Diante da novidade, o público que assistia ao desfile foi ao delírio. Mal sabia Mestre André que, naquele exato momento, tinha acabado de criar algo que viraria mania em todas as escolas de samba. “Hoje em dia, existe paradinha de tudo que é tipo: de baião ao funk.
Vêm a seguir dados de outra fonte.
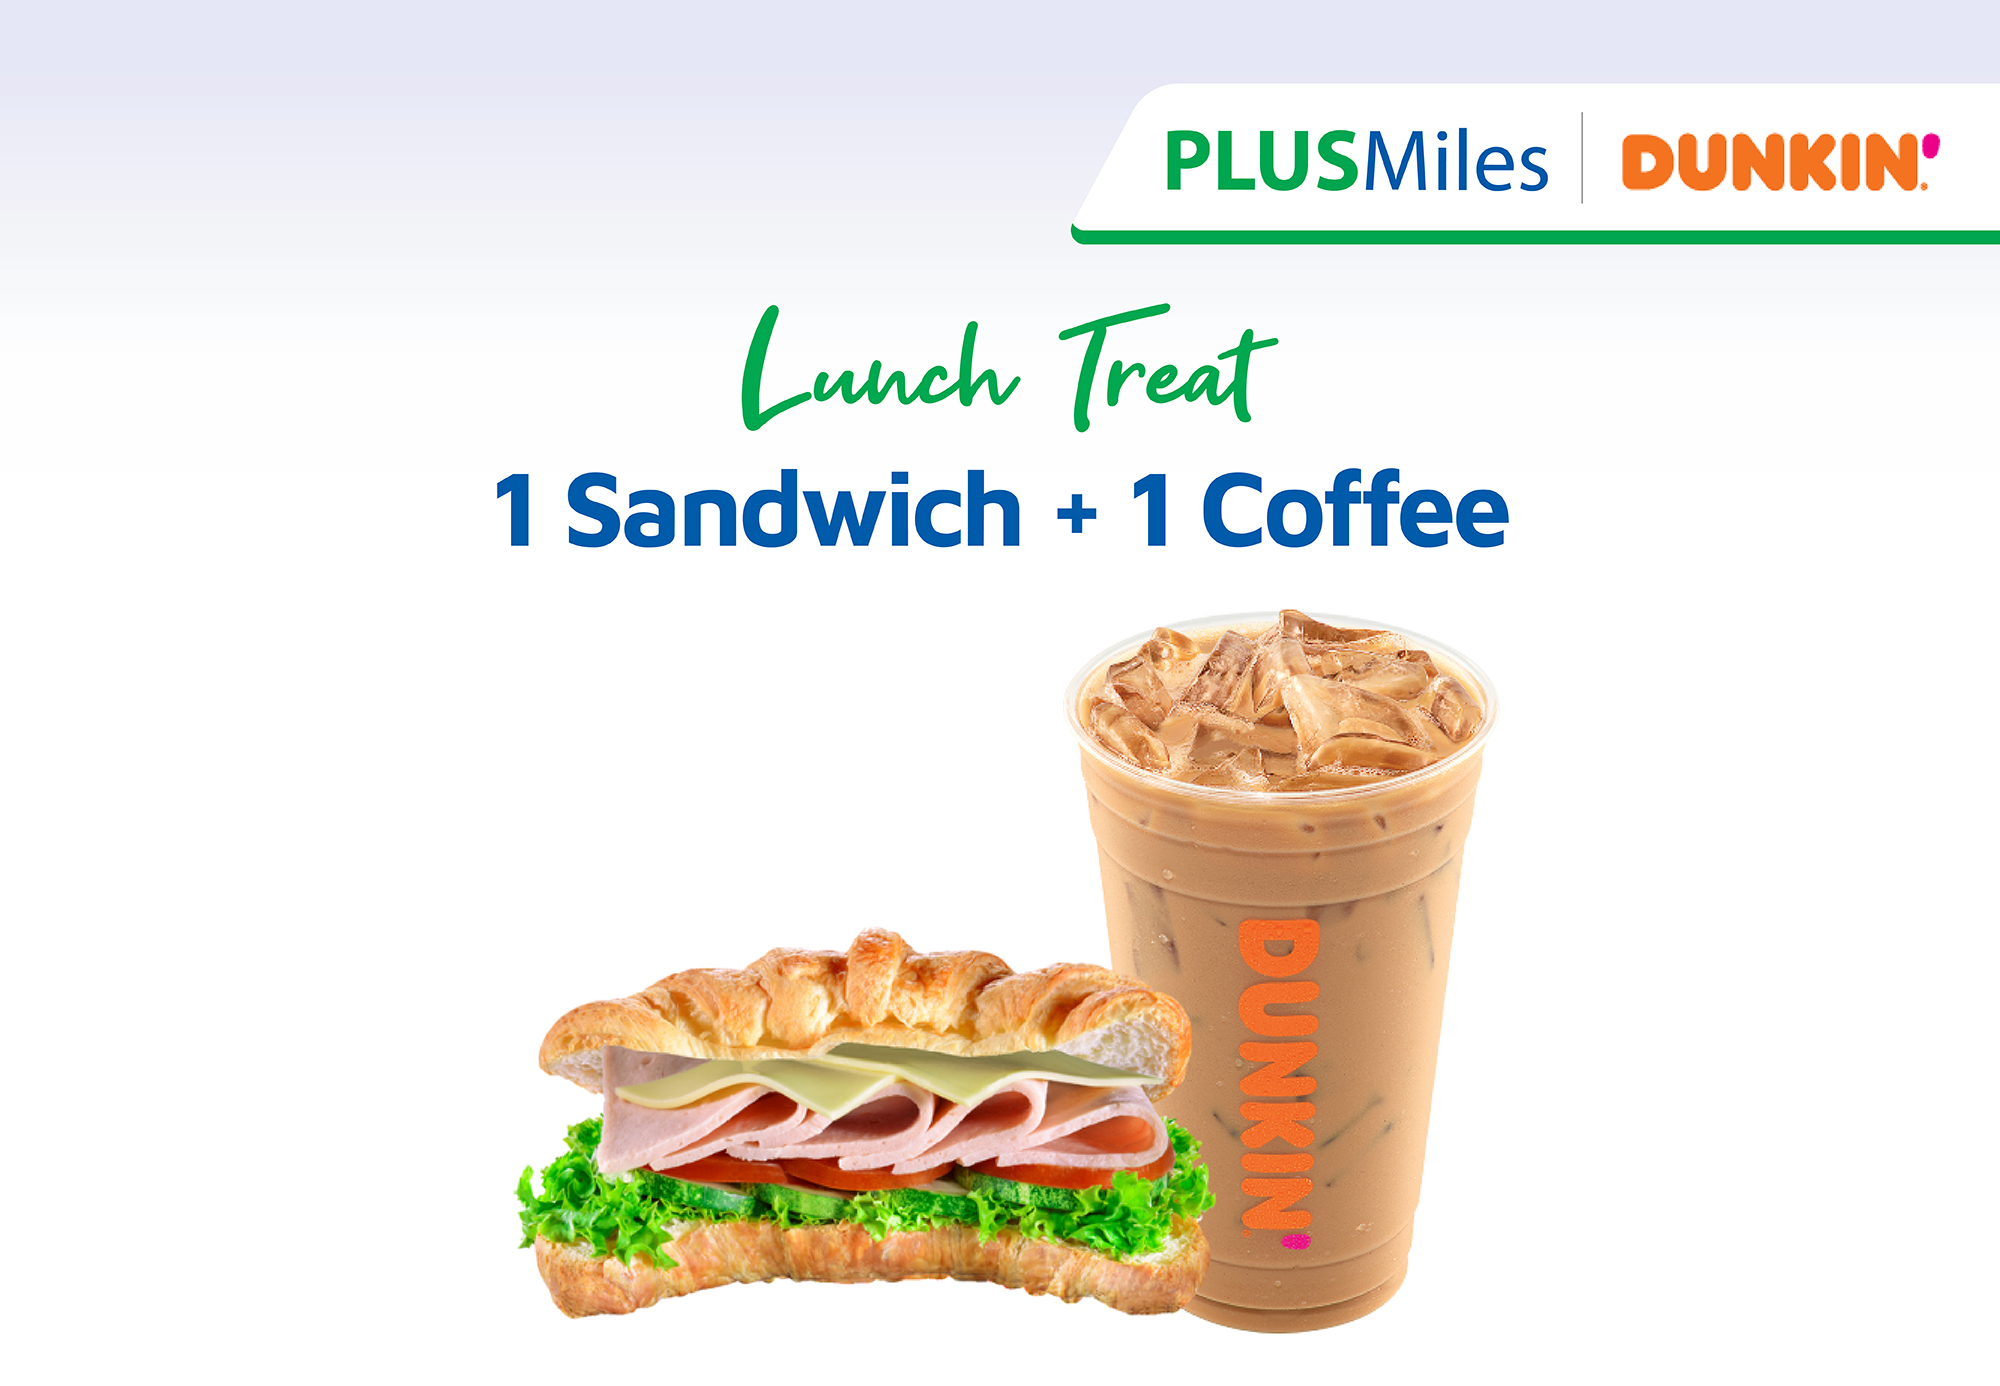 Lunch Treat: 1 Sandwich + 1 Coffee

A paradinha ganhou vida própria”, diverte-se. 

OS VOTOS

André Diniz – “Cântico à Natureza”, de Nelson Sargento e Alfredo Português (Mangueira, 1955).

Beth Carvalho – “Cem Anos de Liberdade – Realidade ou Ilusão?”, de Hélio Turco, Jurandir e Alvinho (Mangueira, 1988).

Fábio Fabato – “Heróis da Liberdade”, de Silas de Oliveira, Mano Décio da Viola e Manuel Ferreira (Império Serrano, 1969).

Felipe Ferreira – “Chico Rei”, de Geraldo Babão, Djalma Sabiá e Binha (Salgueiro, 1964).

Haroldo Costa – “Heróis da Liberdade”, de Silas de Oliveira, Mano Décio da Viola e Manuel Ferreira (Império Serrano, 1969).

Ivo Meirelles – “Caymmi Mostra ao Mundo o que a Bahia e a Mangueira Têm”, de Ivo Meirelles, Paulinho e Lula (Mangueira, 1986).

Martinho da Vila – “Aquarela Brasileira”, de Silas de Oliveira (Império Serrano, 1964).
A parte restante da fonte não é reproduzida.